Exploration of tSNE and DBScan for the identification of patient subpopulations in Electronic Health Records using International Classification of Disease (ICD)codes.
Principal Investigator: Mr Marc Maurits
Approved Research ID: 54888
Approval date: January 15th 2020
Patients that look similar, could be very different. Currently we treat diseases as if they are one kind of disease. However, one disease could exist of multiple subsets of disease with different causal factors and different long term outcomes. We believe that when we combine all health information of patients, we could identify subgroups within patients with similar symptoms of similar diseases.
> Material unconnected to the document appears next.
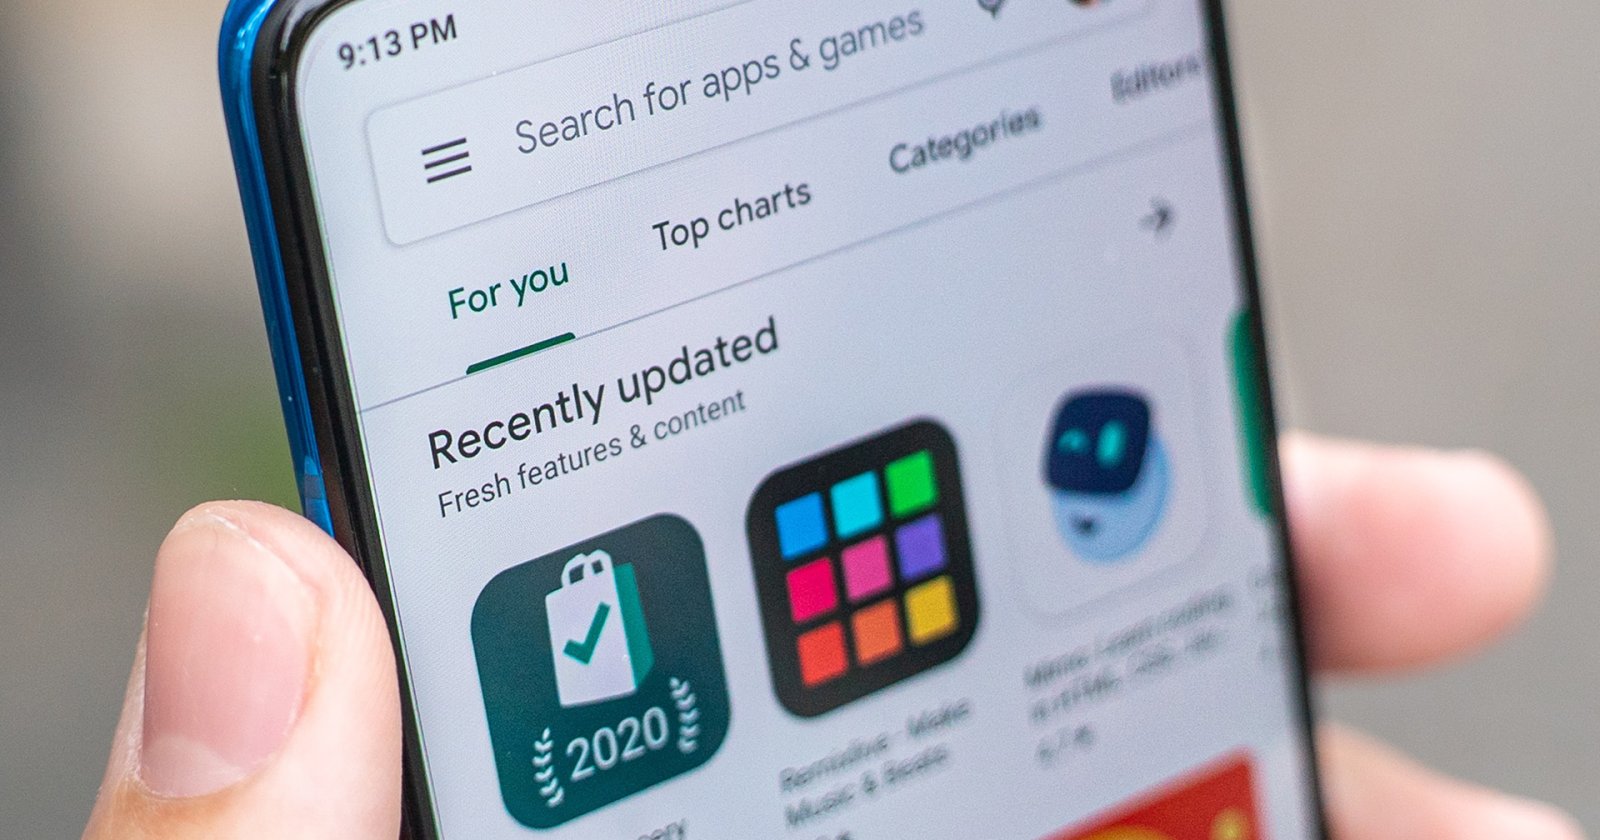 Google Play Store อนุญาตให้ผู้ใช้ ‘ถอนการติดตั้งแอป’ จากทางไกลผ่านอุปกรณ์อื่นได้

For instance, many people have hypertension but the causes of the hypertension differ. When a complete medical history is known, the causes of the hypertension could be identified. Now for some disease, such as rheumatoid arthritis, there is a strong suggestion that different factors have influenced the disease development and disease course (e.g. smoking is a risk, but not all RA patients smoke and medication is often effective in only a subgroup of the patients). Currently we are unable to detect these expected subgroups. This is because 1) we lack extensive health information before onset of disease and 2) our analytical methods fail to identify valuable clusters. In the current era of big data, novel techniques have been developed. We aim to explore whether these techniques could help us in the quest of solving heterogeneity within diseases such as RA. Therefore we first would like to test the techniques on the complete patient data and if they work we will use them to find similar RA patient in order to improve their diagnosis and treatment. We have current evidence in our own data that our analytical methods work, but would very much like to test if it holds up in the UK BIOBANK.